Orange blossoms have a relaxing effect and a delightful scent.
- Portakal çiçekleri rahatlatıcı bir etki ve hoş bir kokuya sahiptir.
He likes anything sweet.
- O, tatlı olan herhangi bir şeyden hoşlanır.
Tom gave Mary a box of chocolates and one long-stemmed rose for her birthday. That's really sweet.
- Tom Mary'ye doğum günü için bir kutu çikolata ve uzun saplı bir gül verdi O gerçekten hoş.
Tom enjoys watching baseball games on TV with his grandfather.
- Tom dedesiyle TV'de beyzbol maçları izlemekten hoşlanır.
Oh, grandma, how I love you! You're so nice!
- Ah, büyükanne, seni nasıl da seviyorum! Çok hoşsun!
Behave decently, as if you're a well-cultured man.
- Eğer kültürlü bir adamsan, hoşgörüyle davran.
He is a very decent fellow.
- O, çok hoşgörülü bir adamdır.
I like both Susan and Betty, but I think Susan is the nicer.
- Susan ve Betty severim ama Susan'ın daha hoş olduğunu düşünüyorum.
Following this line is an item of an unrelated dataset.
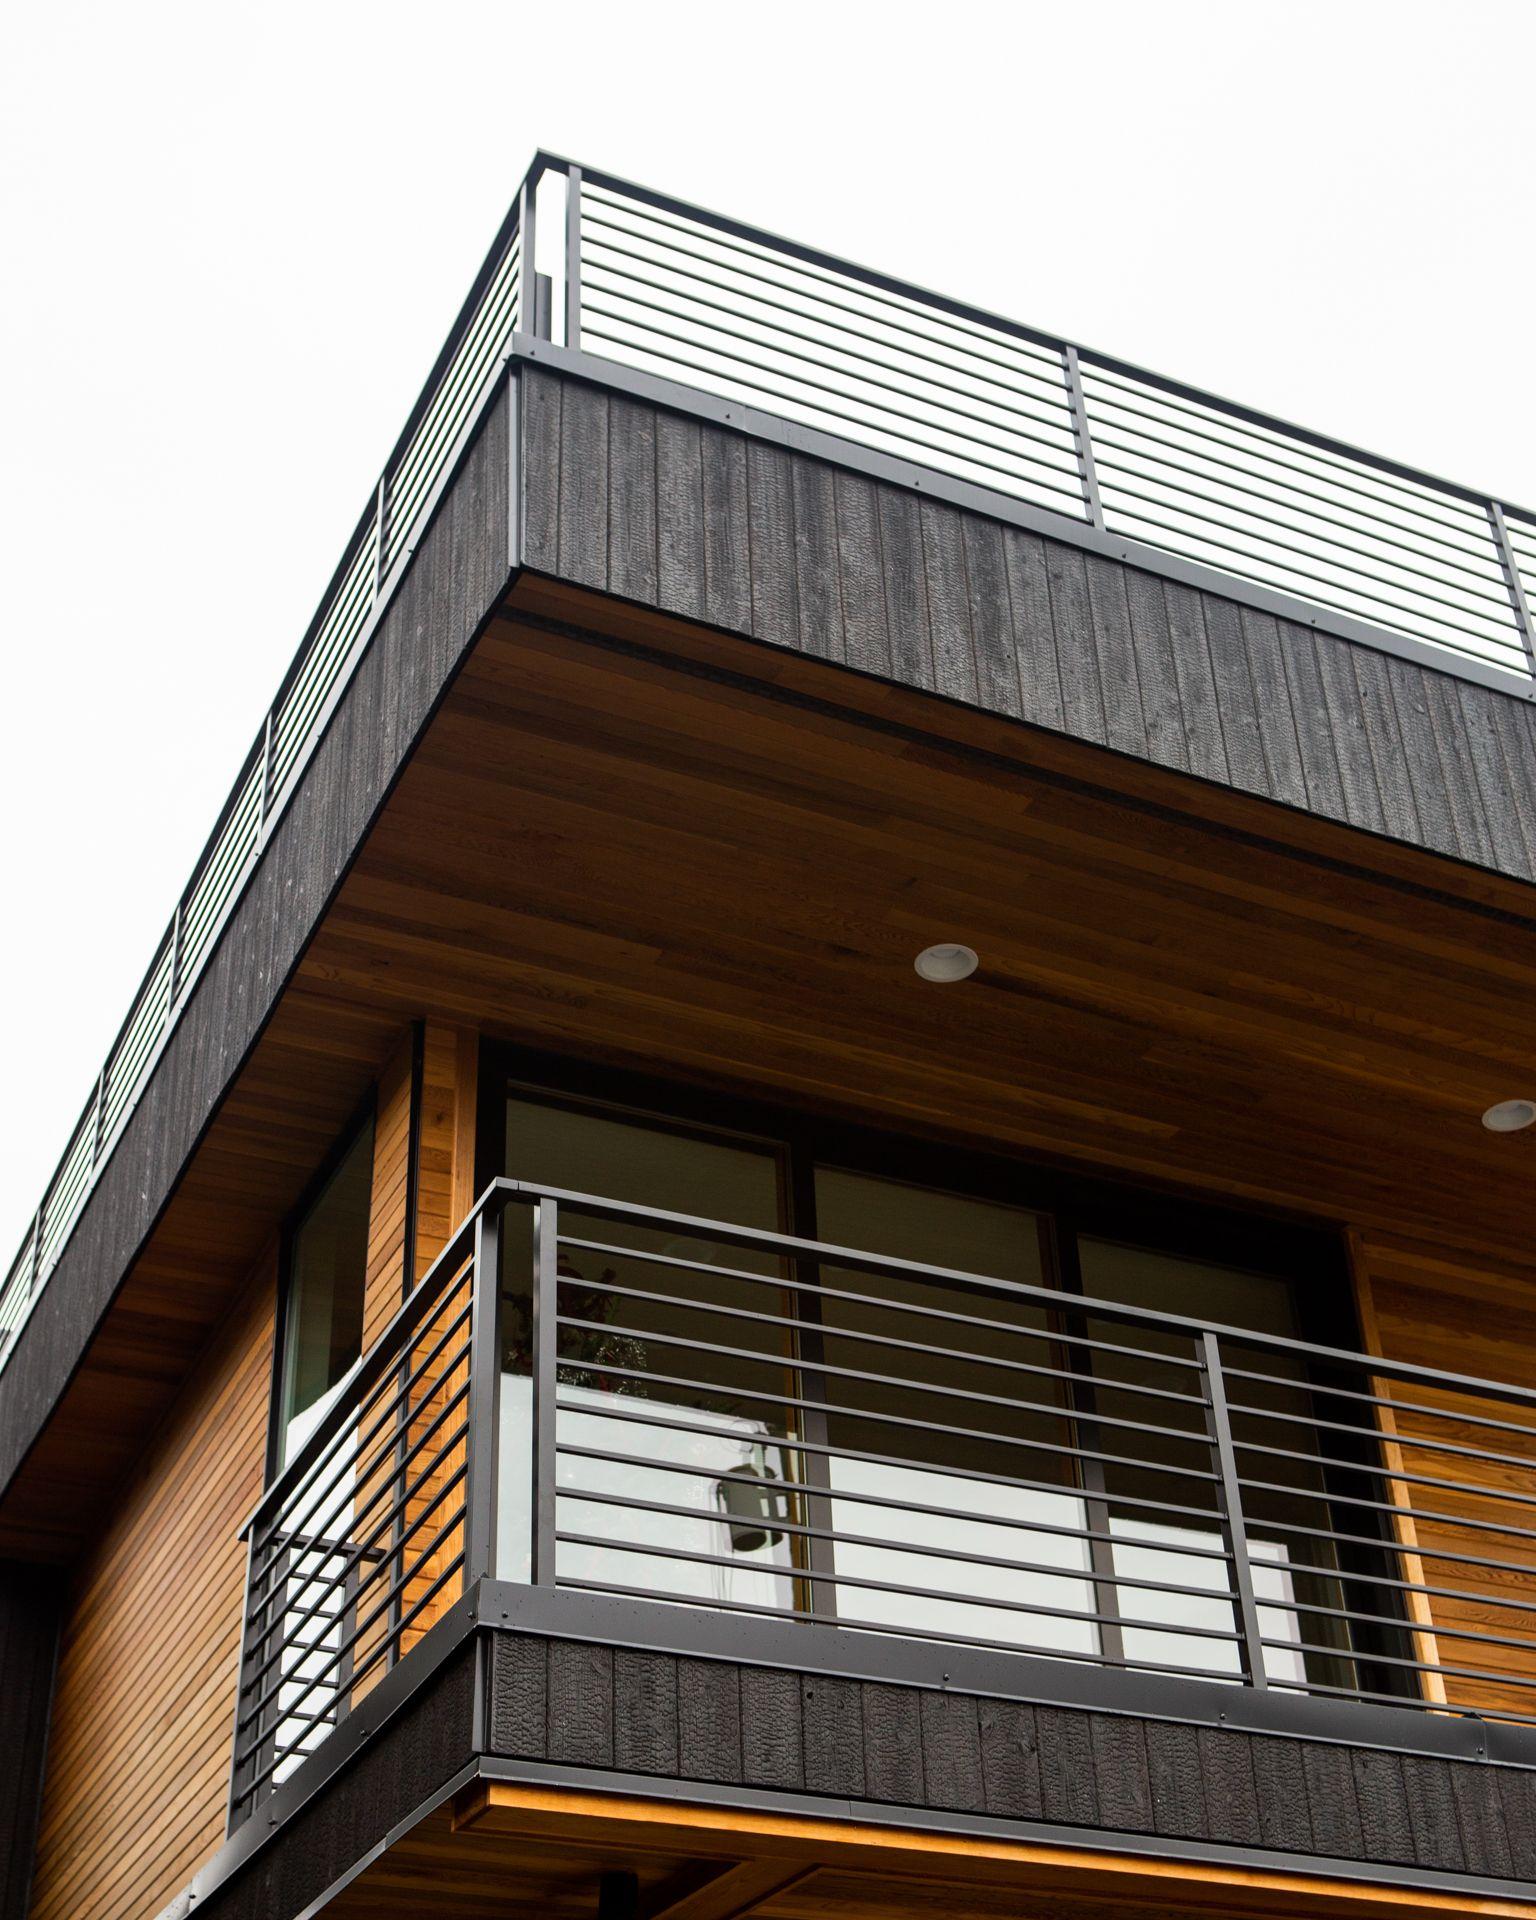 Midvale House Nakamoto Forestry Yakisugi Shou Sugi Ban Exterior Wall Cladding Wall Cladding Cladding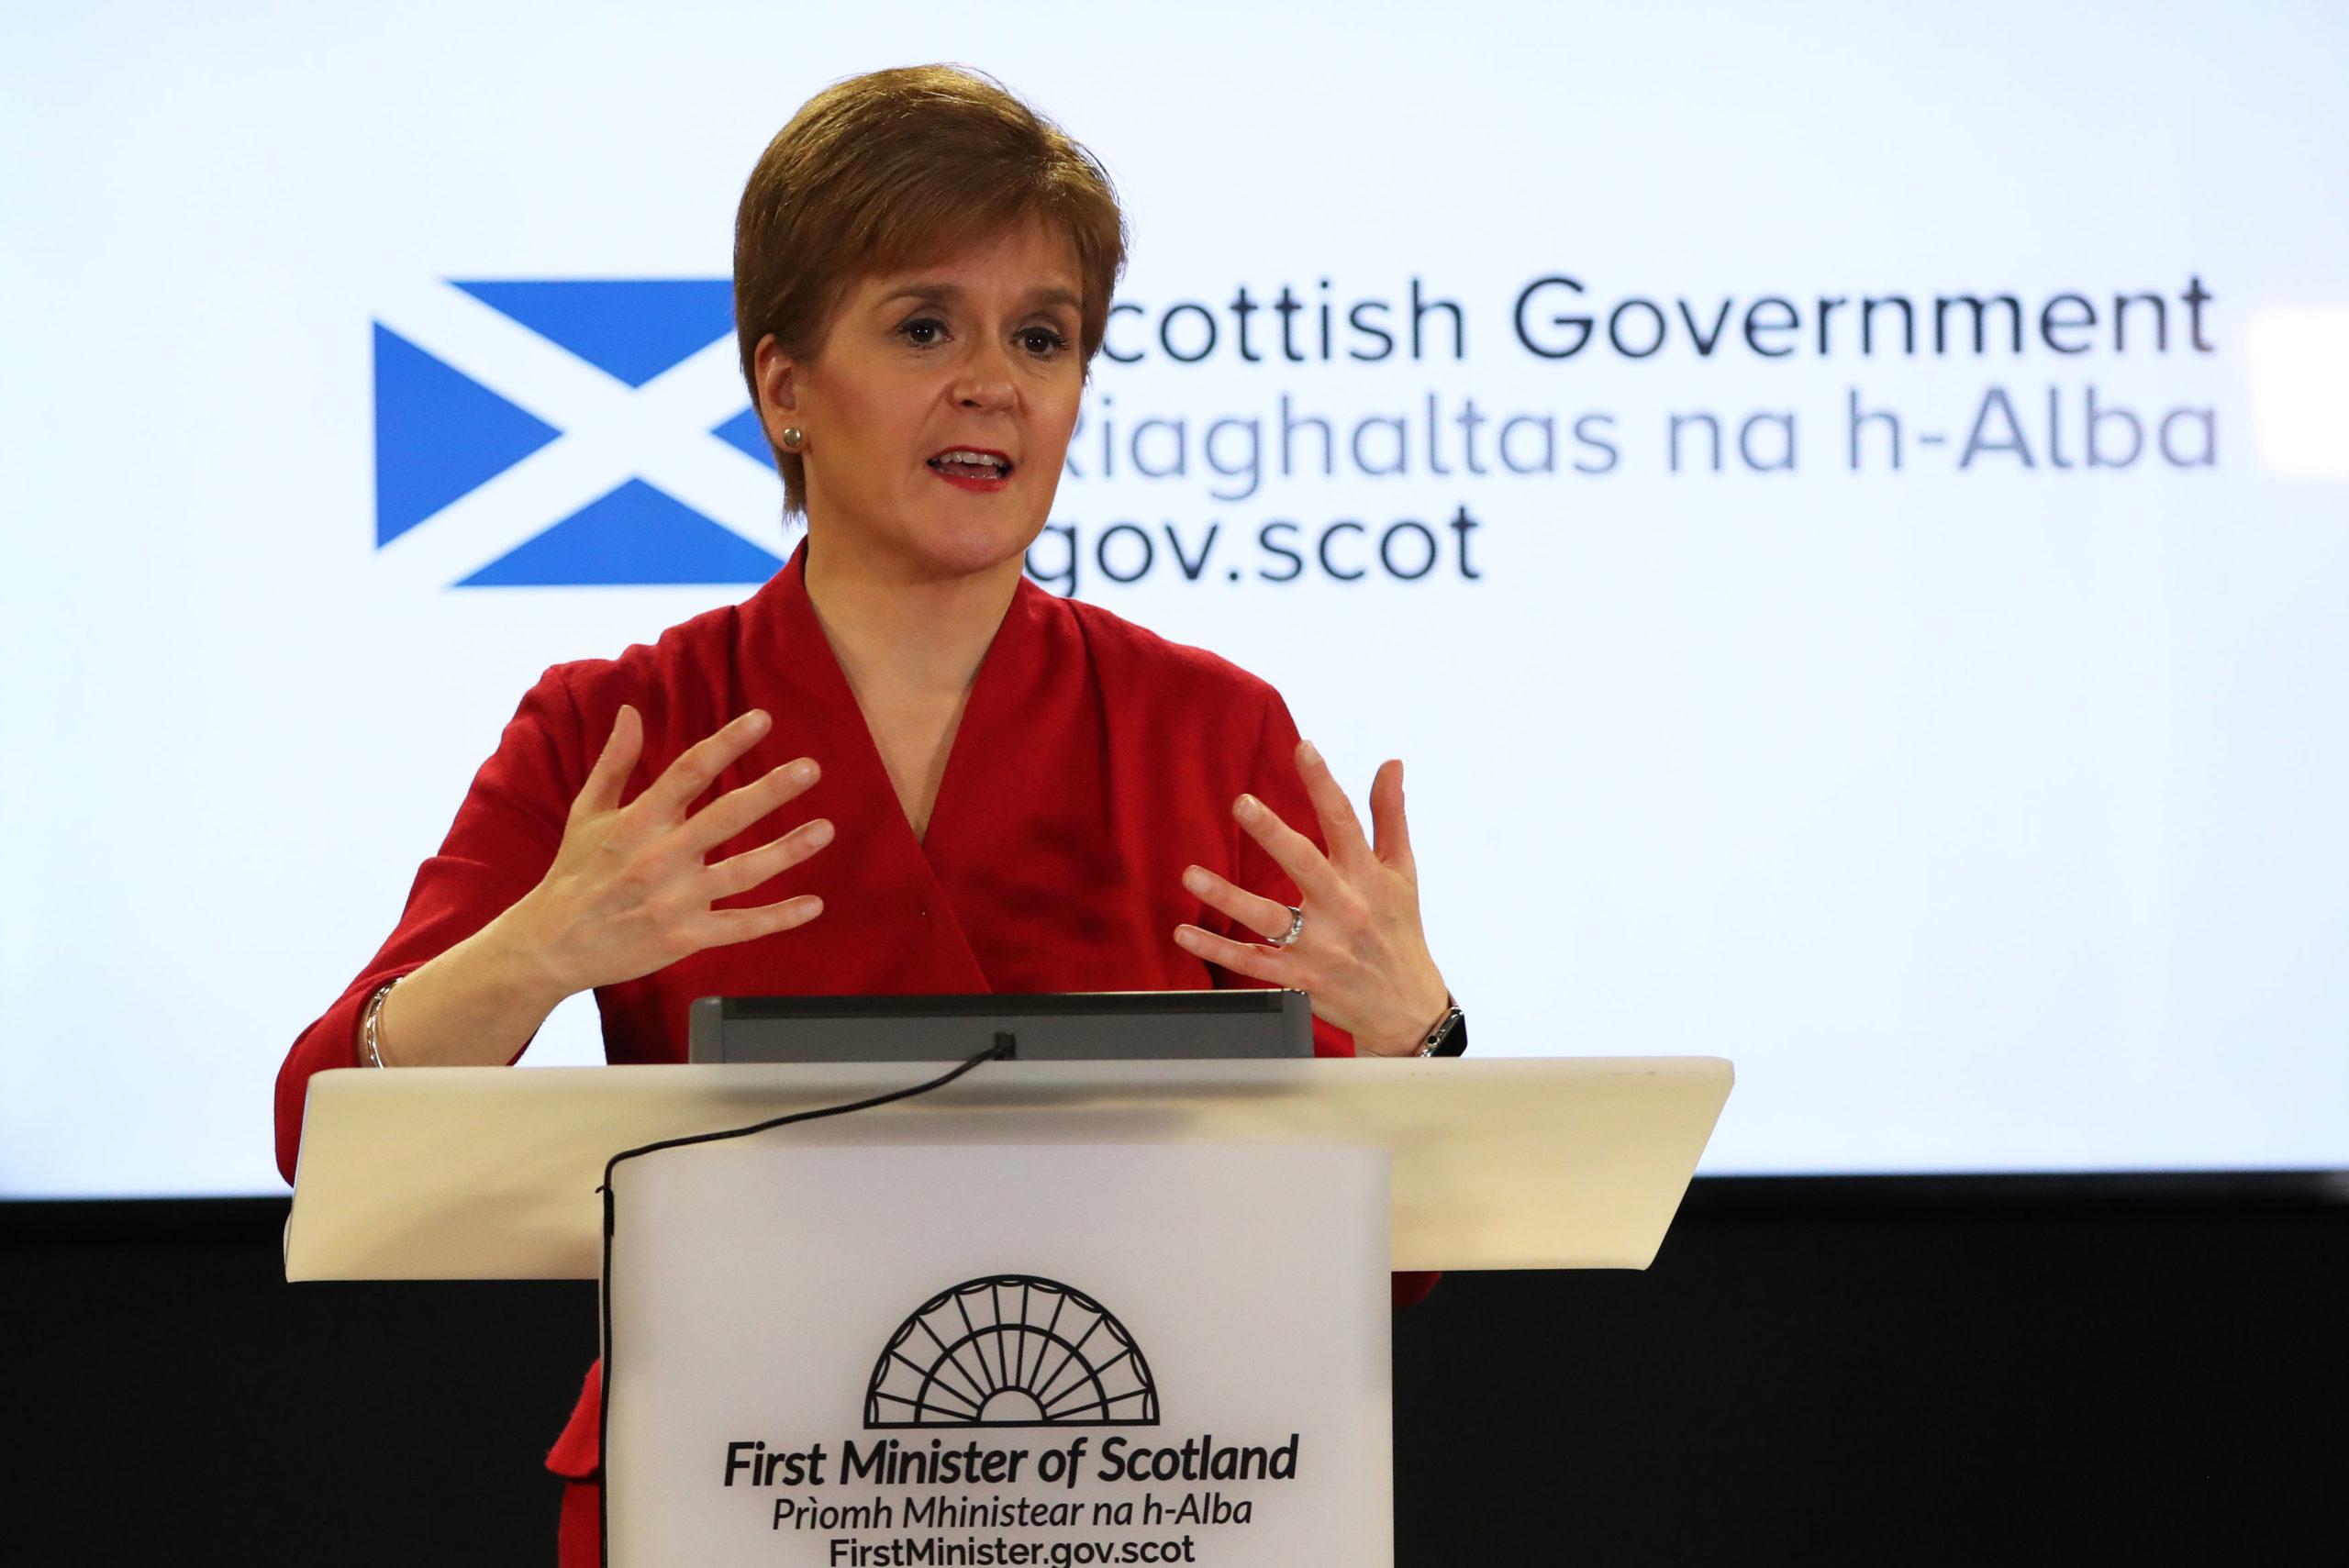 Scotland's First Minister Nicola Sturgeon speaking during a briefing on coronavirus in Edinburgh.

Giving gifts is always nicer than receiving them.
- Hediyeler vermek, onları almaktan her zaman daha hoştur.
Well, to be frank, I don't like it at all.
- Şey, samimi olmak gerekirse, bundan hiç hoşlanmıyorum.
Food you eat that you don't like will not be digested well.
- Hoşlanmadan yediğiniz yiyecekler iyi sindirilmeyecektir.
We thoroughly enjoyed the delicious meal.
- Biz lezzetli yemekten epeyce hoşlandık.
How about spending an elegant and blissful time at a beauty salon?
- Bir güzellik salonunda hoş ve mutlu bir zaman geçirmeye ne dersin?
Tom doesn't enjoy eating spicy food.
- Tom baharatlı yemek yemekten hoşlanmıyor.
Green leaves in a park are pleasing to the eye.
- Parktaki yeşil yapraklar göze hoş geliyor.
The art of pleasing is the art of deception.
- Hoşa gitme sanatı, aldatma sanatıdır.
She's smarter than Mary, but she's not as pretty as Mary.
- Mary'den daha akıllı ama Mary kadar hoş değil.
I don't take kindly to pushiness or impatience.
- Aceleciliği ve sabırsızlığı hoş karşılamam.
Her exotic perfume has a subtle scent.
- Onun egzotik parfümünün hoş bir kokusu var.
Tom asked Mary what kind of movies she liked.
- Tom Mary'ye ne tür filmlerden hoşlandığını sordu.
I like the kind of music Tom composes.
- Tom'un bestelediği müzik türünden hoşlanıyorum.